_What to do_
For every line in the records below that holds "Boots", make a copy.
[Opening Extracted information section]
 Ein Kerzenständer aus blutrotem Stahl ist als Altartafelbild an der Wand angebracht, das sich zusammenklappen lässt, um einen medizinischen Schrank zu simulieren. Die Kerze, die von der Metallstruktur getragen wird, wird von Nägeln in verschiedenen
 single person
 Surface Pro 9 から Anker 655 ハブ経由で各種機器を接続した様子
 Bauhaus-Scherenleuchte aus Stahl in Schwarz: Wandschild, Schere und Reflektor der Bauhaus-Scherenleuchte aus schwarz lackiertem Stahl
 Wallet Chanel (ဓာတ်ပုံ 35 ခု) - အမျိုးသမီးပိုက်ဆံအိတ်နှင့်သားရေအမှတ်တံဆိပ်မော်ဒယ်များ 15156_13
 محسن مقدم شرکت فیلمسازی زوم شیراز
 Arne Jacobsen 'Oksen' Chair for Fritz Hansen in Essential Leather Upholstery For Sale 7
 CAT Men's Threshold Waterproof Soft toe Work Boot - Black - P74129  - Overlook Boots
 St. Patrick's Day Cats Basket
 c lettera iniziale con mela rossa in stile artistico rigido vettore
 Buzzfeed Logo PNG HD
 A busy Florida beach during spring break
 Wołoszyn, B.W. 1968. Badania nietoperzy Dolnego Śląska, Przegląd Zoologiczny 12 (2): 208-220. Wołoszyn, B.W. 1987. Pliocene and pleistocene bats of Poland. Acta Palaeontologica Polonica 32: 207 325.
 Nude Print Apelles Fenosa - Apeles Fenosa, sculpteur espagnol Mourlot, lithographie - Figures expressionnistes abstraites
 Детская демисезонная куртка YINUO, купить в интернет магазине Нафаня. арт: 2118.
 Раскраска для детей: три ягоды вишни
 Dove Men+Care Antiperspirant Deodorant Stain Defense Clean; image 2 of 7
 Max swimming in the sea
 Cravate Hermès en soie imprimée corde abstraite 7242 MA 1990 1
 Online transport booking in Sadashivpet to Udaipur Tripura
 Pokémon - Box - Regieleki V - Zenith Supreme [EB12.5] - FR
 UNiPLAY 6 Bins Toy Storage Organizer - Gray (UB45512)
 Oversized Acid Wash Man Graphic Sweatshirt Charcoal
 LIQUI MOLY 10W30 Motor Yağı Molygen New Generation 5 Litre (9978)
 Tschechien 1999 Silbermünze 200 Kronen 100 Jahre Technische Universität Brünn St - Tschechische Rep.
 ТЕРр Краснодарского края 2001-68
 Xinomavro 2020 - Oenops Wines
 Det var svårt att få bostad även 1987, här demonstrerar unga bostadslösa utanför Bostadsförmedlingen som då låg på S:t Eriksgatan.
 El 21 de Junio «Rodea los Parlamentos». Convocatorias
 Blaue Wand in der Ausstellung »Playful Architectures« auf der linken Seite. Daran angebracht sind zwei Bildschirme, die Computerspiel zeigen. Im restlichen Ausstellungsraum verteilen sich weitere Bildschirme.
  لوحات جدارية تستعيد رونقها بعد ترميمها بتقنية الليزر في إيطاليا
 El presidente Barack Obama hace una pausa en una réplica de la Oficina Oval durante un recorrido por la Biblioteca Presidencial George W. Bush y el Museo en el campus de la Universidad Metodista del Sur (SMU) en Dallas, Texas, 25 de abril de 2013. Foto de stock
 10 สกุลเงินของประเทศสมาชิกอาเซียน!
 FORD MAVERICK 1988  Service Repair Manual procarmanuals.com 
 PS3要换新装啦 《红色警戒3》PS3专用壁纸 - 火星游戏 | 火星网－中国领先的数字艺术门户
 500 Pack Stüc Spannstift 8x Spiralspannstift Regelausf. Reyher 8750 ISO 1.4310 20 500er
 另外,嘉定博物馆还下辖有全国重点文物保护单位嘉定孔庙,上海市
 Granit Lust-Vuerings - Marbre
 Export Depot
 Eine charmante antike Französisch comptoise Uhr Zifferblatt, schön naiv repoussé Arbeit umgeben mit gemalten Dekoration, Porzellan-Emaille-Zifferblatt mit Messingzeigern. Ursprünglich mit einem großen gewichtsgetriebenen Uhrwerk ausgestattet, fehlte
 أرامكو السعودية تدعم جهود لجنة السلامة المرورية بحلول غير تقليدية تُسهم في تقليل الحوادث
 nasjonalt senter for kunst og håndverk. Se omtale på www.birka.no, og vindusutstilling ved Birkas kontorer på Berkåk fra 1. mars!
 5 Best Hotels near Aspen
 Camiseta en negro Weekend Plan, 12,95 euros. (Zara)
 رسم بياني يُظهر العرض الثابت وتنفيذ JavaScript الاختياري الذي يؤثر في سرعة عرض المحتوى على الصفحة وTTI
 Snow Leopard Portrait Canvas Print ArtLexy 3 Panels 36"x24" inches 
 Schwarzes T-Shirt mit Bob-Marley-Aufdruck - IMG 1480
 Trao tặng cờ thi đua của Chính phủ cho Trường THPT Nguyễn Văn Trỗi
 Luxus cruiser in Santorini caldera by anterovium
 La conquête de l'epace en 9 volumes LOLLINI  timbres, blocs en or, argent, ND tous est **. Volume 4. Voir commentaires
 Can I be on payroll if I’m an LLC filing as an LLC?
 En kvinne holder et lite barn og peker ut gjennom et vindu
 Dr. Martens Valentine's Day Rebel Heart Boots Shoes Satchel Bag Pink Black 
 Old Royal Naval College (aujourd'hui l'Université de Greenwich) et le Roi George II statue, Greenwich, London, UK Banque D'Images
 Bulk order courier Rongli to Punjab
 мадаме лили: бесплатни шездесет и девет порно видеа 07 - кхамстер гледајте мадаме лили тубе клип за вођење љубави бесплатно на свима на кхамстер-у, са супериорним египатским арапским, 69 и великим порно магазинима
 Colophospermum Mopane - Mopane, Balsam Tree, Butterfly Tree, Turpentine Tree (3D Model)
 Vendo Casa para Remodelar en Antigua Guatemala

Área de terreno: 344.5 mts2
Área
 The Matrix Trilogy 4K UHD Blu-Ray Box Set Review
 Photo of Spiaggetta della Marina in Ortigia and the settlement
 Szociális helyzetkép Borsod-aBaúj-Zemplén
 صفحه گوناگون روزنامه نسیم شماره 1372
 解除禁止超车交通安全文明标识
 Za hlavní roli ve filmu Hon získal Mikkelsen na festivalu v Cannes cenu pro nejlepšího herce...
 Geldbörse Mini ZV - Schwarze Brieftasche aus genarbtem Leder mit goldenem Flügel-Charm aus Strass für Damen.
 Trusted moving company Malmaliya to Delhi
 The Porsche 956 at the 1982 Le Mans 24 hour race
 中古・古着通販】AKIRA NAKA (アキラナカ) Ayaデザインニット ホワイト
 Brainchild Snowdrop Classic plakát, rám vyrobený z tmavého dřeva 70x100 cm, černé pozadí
[Closing Extracted information section]
_Result for this exercise_
 CAT Men's Threshold Waterproof Soft toe Work Boot - Black - P74129  - Overlook Boots
 Dr. Martens Valentine's Day Rebel Heart Boots Shoes Satchel Bag Pink Black 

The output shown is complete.